В этот момент цепкие пальцы ухватили меня за футболку.
– Стой. Очень глупо, давай поговорим! Кстати, я знаю, где ты живешь!
Почти теряя сознание от ужаса, я рванулась изо всех сил. Тонкий трикотаж треснул, раздался звук рвущейся материи, и половина футболки осталась в руках у Геннадия. Я вскочила в «Волгу» и заорала:
– Петровка, 38, скорей, заплачу тысячу рублей!
Водитель рванул с места, Гена остался на мостовой. Обернувшись назад, я увидела, как он бежит к своей машине. Трясущимися руками я вытащила из сумочки недавно купленный мобильный, потыкала в кнопки и, услыхав голос Олега, зарыдала:
– Миленький, скорей спустись в бюро пропусков, за мной гонится убийца.
Бросив на колени ошарашенному водителю кошелек с деньгами, я влетела в проходную, увидела мужа, Юрку и кинулась к ним, голося, словно кликуша:
– Ой, мамочки, помогите!
Люди, находившиеся в помещении, замерли и уставились на представление. Юрка стянул с себя пиджак и бросил мне на плечи.

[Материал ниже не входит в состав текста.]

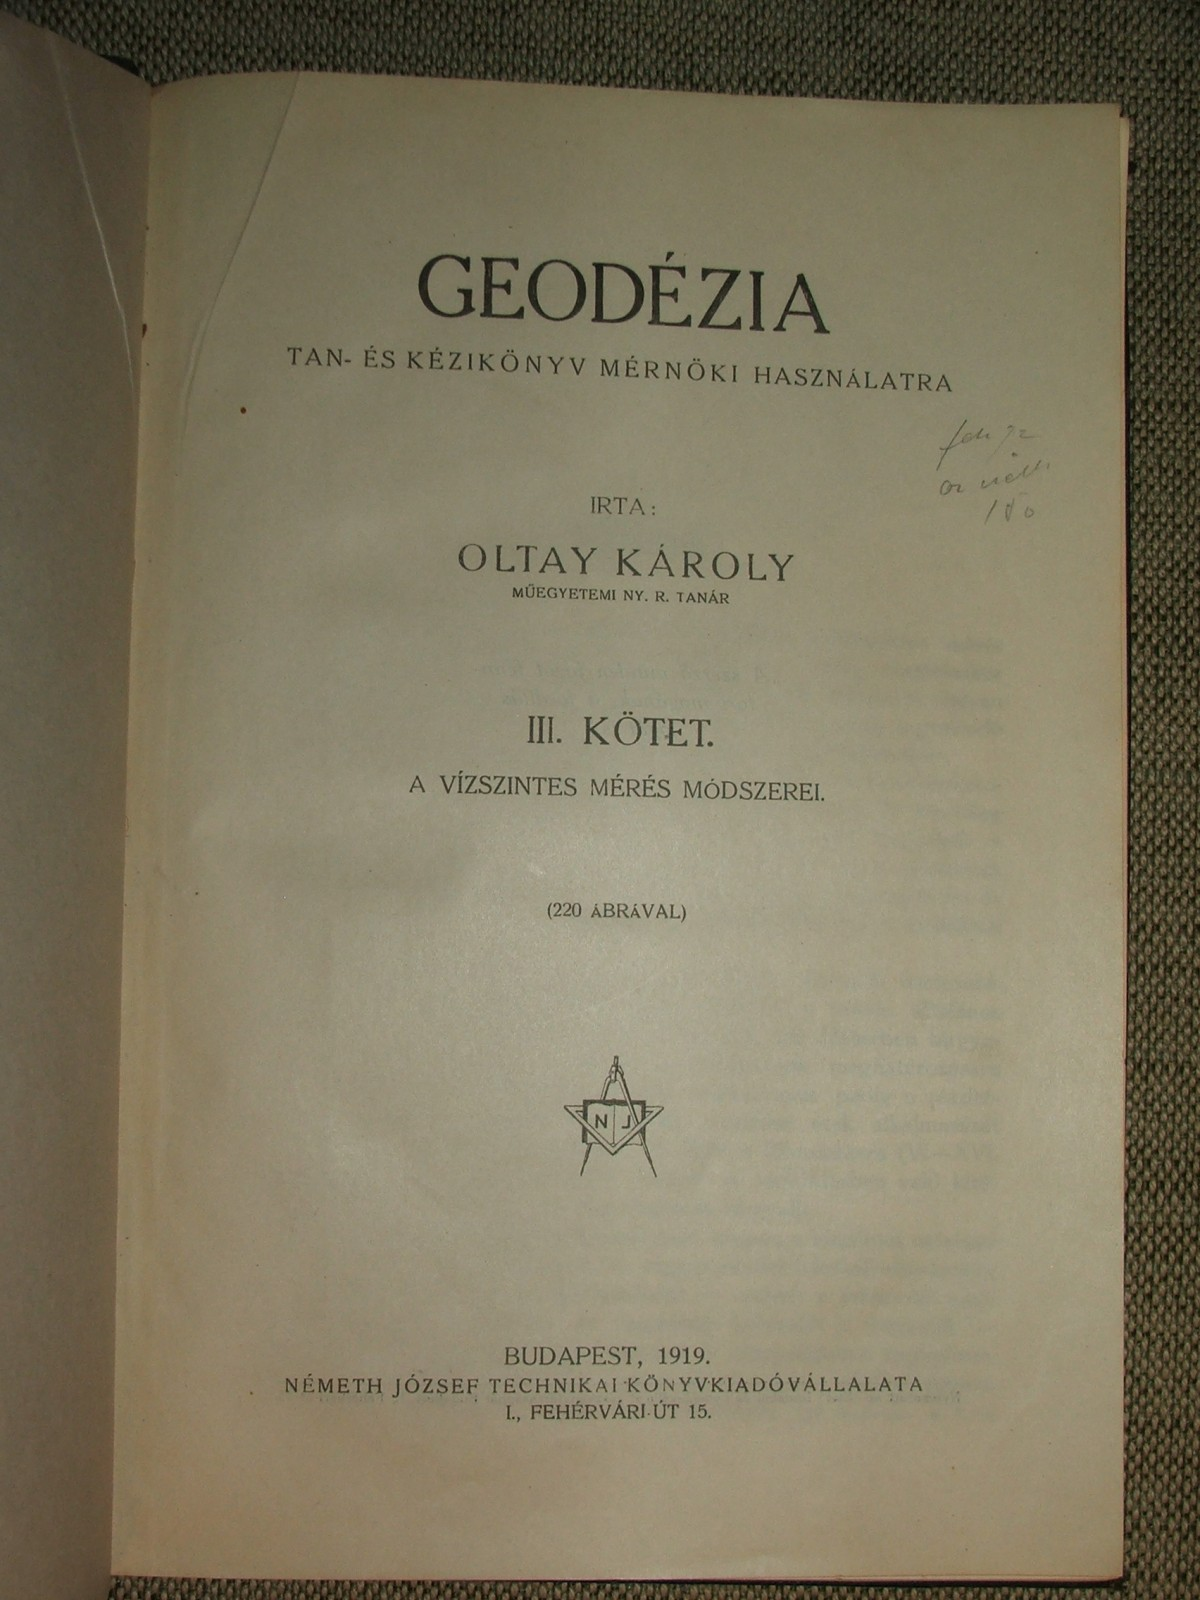 OLTAY Károly: Geodézia

– Прикройся, тут не нудистский пляж, вон всех переполошила.
Я прекратила рыдать и посмотрела на себя. Действительно, не каждый раз в бюро пропусков серьезного учреждения врывается молодая дама, одетая лишь в легкую юбку. Одна часть футболки осталась у Геннадия, вторая свалилась в машине, а лифчика я никогда не носила. Если сказать честно, мне нечего всовывать в бюстгальтер, господь наградил меня грудью минус первого размера.